5) The fear of of wholesale nationalization of banks is no longer at the top of the investor concerns. Yes, there is still a possibility, that more banks will get taken over by the government, especially after the stress tests at the end of the month. But, unless you believe there is a strong possibility of major banks being nationalized, stay away from FAZ and SKF.

6) Geithner and the FED, are on the hook to show some success with their "financial engineering". They will continue to "assist" in whatever way they can to 'save the financial system'. I am not betting against the FED.

6) M2M - we can debate whether its just a band aid and smoke and mirrors, but what is important is that it will obscure the true balance sheet information and will artificially help banks report stronger results, even if its only an optical illusion. Whitney explained it well today in her interview on CNBC. Bottom line it will help improve a tangible book value, a key metric on which banks are valued, as well as improve a sentiment towards banks..

7) Lastly, the overall market sentiment is improving and we are seeing signs of money beginning to trickle back into the market. Much of it will find its way into brad market indices, like SP500. The index funds, that have ~10% weight in financials will need to allocate at least $10 of every $100 into financials. Well let's examine today. We had a very negative start to the day: 1) a very negative (and downright scary) report on banks from Mayo, 2) the nervousness about the upcoming earnings season, 3) looming stress tests for banks, 4) the selloff in commodities, 5) and oh yeah, some comments from Geithner yesterday about a possibility of removing more management teams at the banks that received gov't aid, and 6) comments from TARP watchdog, Warren, about possibly wiping out the common equity at these banks.
Last week and today there were several attempts to sell this extended market and scare some investors into locking in their gains following one of the most impressive rallies ever. But after all that, the broad market and financials were able to recoup most of the losses by the end of the day. All things considered, the financials held up OK and didn't get decimated as would have been the case just a few weeks ago. If you examine the action during the last 30 minutes of the day over the last week or so, you will clearly see some strong buying into the close. Draw you own conclusions. Don't fight the tape!

8) Now let's examine FAZ itself. FAZ is not an investment. Numerous articles examined the performance of these highly leveraged ETFs and concluded that their performance doesn't correlate to that of the underlying. Its more of a trading volatility tool which was very is helpful over the past few months to bet on a volatile and usually one-way trading in financials. Great for day traders that are good at volatility trading. Poor choice for investors.
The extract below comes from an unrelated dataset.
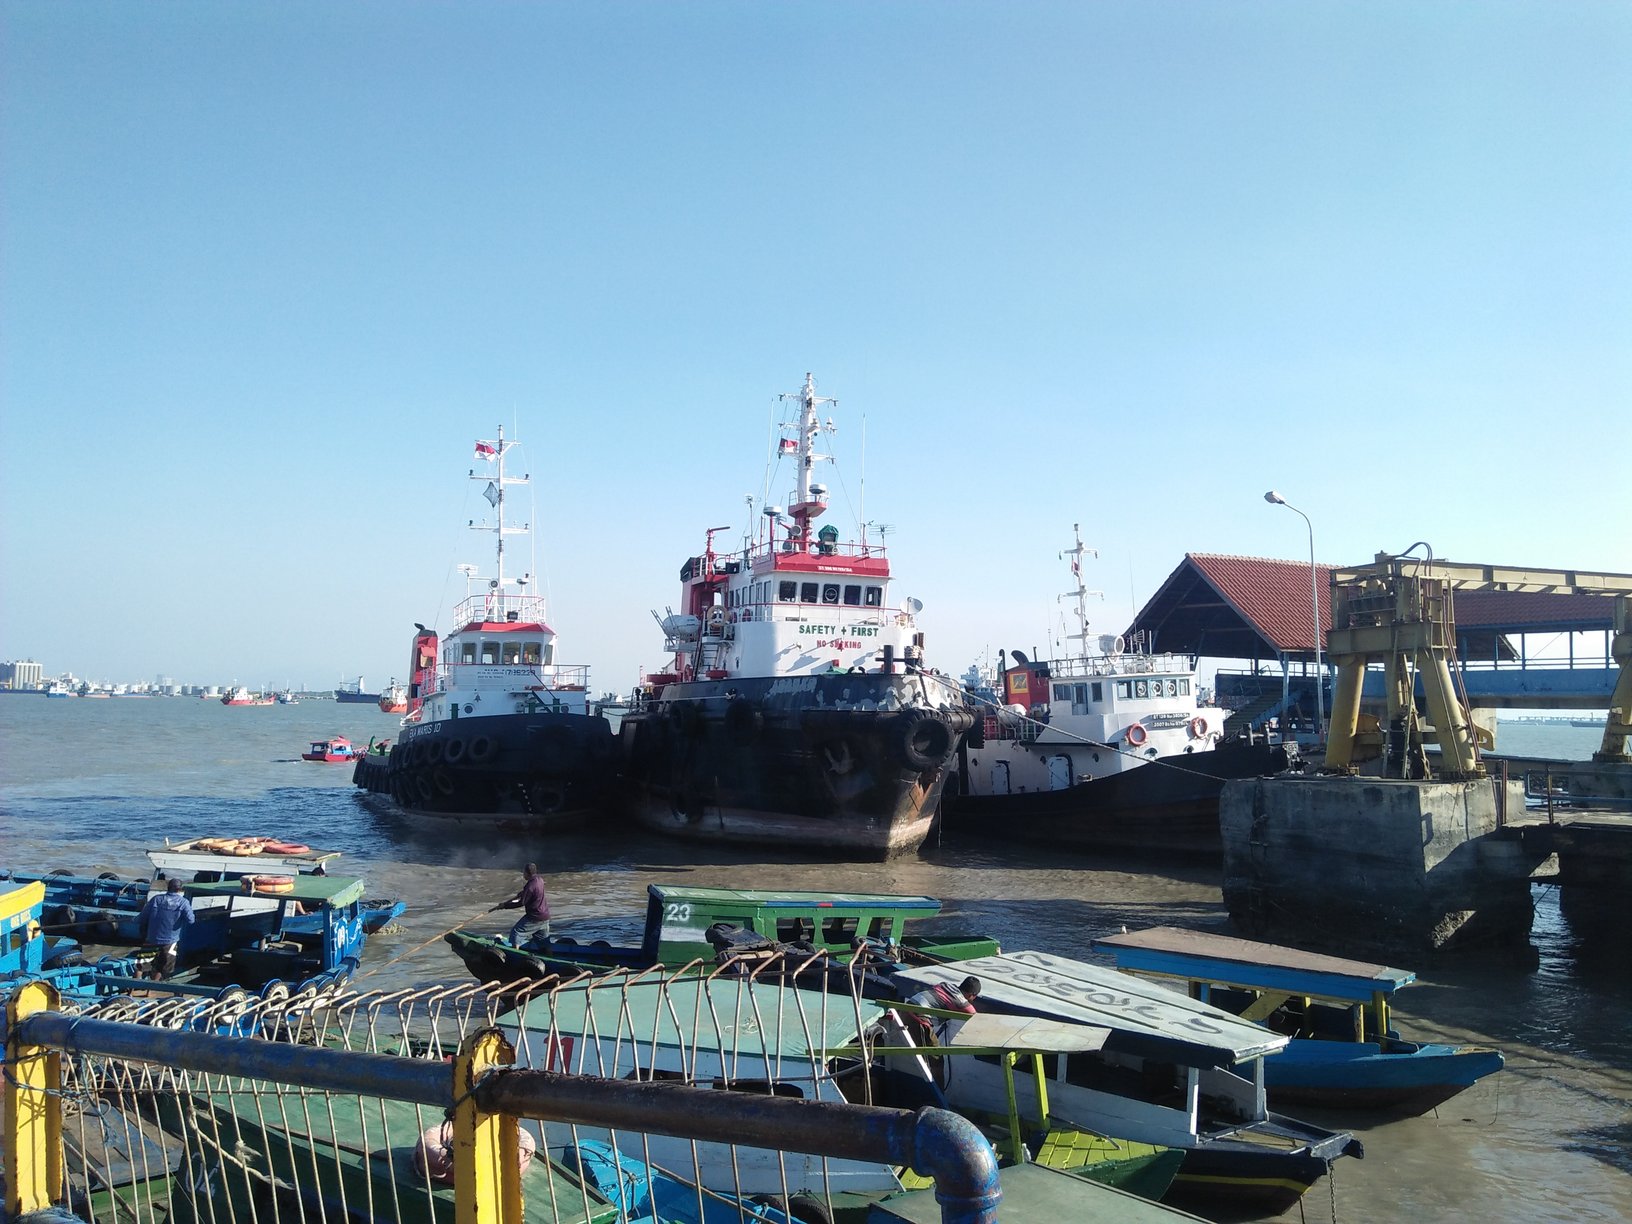 Pelabuhan Kamal
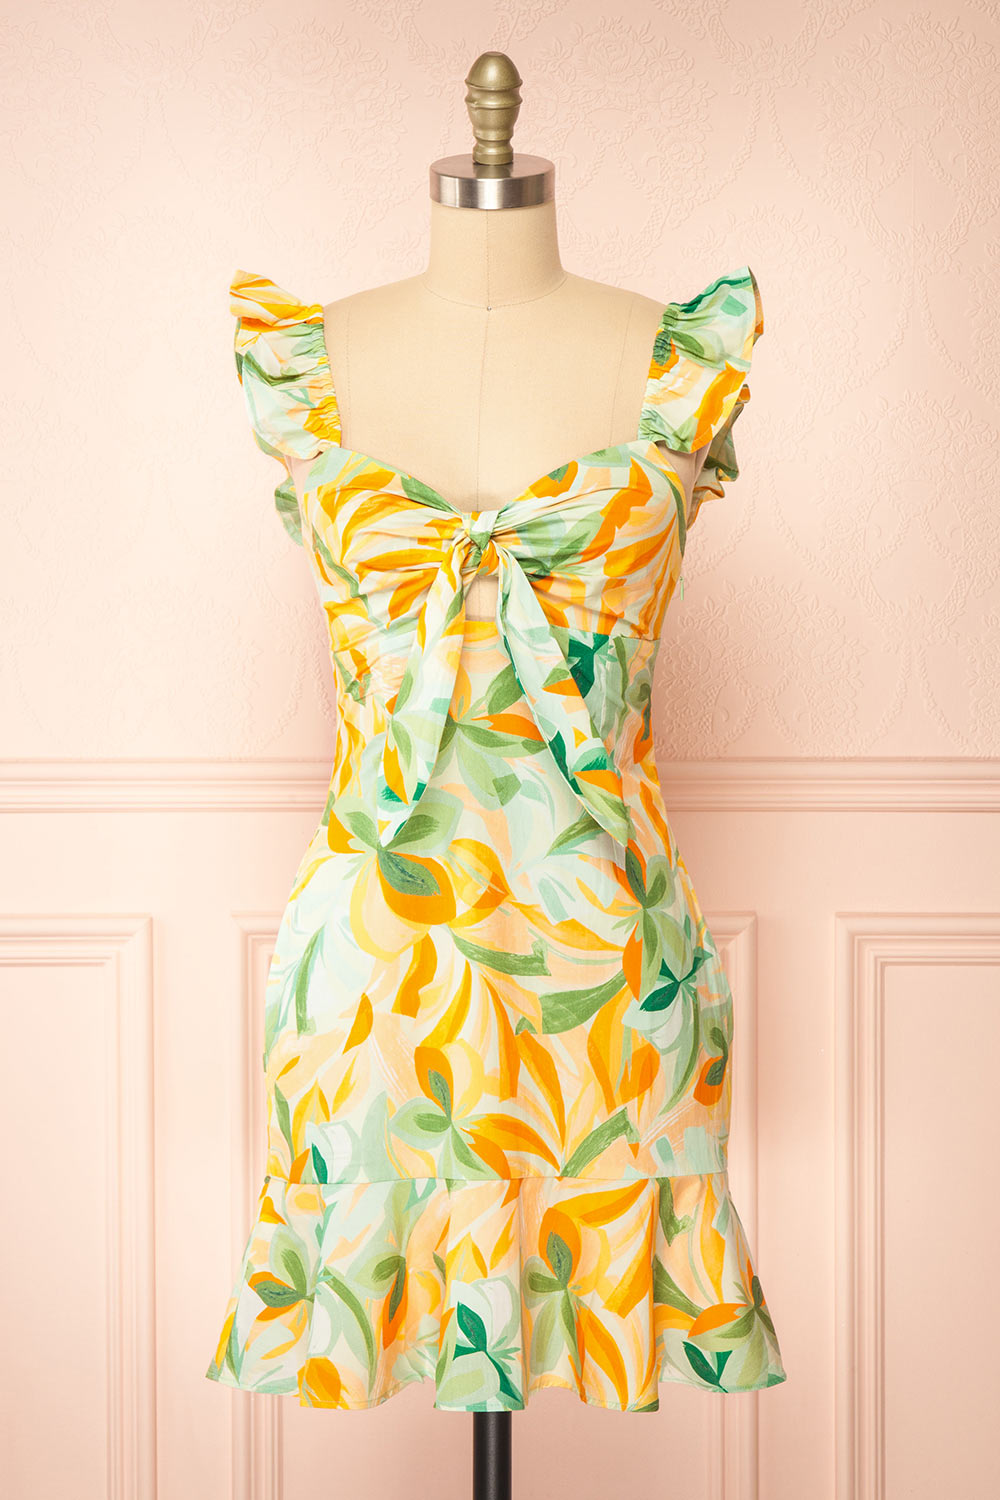 Dolabella Short Colourful Dress w/ Leaves Motif | Boutique 1861 front view

9) Don't confuse NOW with LATER. Later, many of the problems that have been infecting our financial system over the last 25 years, will resurface. The extent of these problems and the unintended circumstances that our government is creating by trying to 'fix' our financial system at all cost, is still unknown. It will manifest itself again in the future. But for NOW, over the near term, we are likely to see some improvement in both fundamentals and investor and analyst sentiment toward banks.

10) Finally, in order for FAZ to move back up to $35 (more than 100% from today's close), financials would likely need to sell off to a tune of 30-35%. Which means BAC back to $5-5.50, JPM back to mid teens and GS back to mid $80's. It would take just as much of a meltdown as we saw last year, when the problems with finanacials just began to surface and they were all still trading at pretty lofty levels. Is it possible, yes, but not likely,

There will be time again to bet against financials. But NOW is not the time to be betting a farm on FAZ.